**Task input**

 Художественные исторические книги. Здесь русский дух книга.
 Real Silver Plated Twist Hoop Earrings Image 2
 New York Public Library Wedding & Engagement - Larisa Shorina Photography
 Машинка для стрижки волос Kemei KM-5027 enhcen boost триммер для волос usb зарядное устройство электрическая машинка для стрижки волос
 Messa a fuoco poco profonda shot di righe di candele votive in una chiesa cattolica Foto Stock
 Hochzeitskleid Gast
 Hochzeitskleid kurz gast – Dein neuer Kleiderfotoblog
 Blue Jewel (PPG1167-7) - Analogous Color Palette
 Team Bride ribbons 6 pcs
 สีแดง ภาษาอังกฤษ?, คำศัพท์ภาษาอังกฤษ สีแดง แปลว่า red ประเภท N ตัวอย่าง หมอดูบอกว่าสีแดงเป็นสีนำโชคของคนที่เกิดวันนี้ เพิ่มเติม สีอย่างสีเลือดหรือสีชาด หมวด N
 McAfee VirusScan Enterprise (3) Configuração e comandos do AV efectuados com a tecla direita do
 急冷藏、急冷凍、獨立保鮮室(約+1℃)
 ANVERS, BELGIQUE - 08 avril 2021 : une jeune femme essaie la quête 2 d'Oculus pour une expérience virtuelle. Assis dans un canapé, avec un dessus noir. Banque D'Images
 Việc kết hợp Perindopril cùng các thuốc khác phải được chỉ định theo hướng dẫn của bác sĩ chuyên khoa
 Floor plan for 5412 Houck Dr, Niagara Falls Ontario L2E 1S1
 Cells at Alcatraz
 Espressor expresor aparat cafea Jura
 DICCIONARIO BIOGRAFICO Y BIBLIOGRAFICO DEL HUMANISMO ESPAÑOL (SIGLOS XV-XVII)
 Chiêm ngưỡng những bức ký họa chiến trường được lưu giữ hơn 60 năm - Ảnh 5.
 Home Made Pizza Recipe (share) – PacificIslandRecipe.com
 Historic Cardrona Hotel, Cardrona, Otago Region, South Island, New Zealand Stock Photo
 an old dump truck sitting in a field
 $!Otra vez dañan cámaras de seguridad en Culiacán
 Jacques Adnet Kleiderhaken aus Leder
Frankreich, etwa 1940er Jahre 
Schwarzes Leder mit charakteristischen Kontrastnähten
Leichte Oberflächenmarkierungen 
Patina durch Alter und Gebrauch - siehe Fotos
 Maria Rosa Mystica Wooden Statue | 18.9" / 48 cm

**Problem details**
Copy out exactly the lines between the line with "Schwarzes Leder mit" and the last line of the entries, counting both of those lines.

**Answer**
Schwarzes Leder mit charakteristischen Kontrastnähten
Leichte Oberflächenmarkierungen 
Patina durch Alter und Gebrauch - siehe Fotos
 Maria Rosa Mystica Wooden Statue | 18.9" / 48 cm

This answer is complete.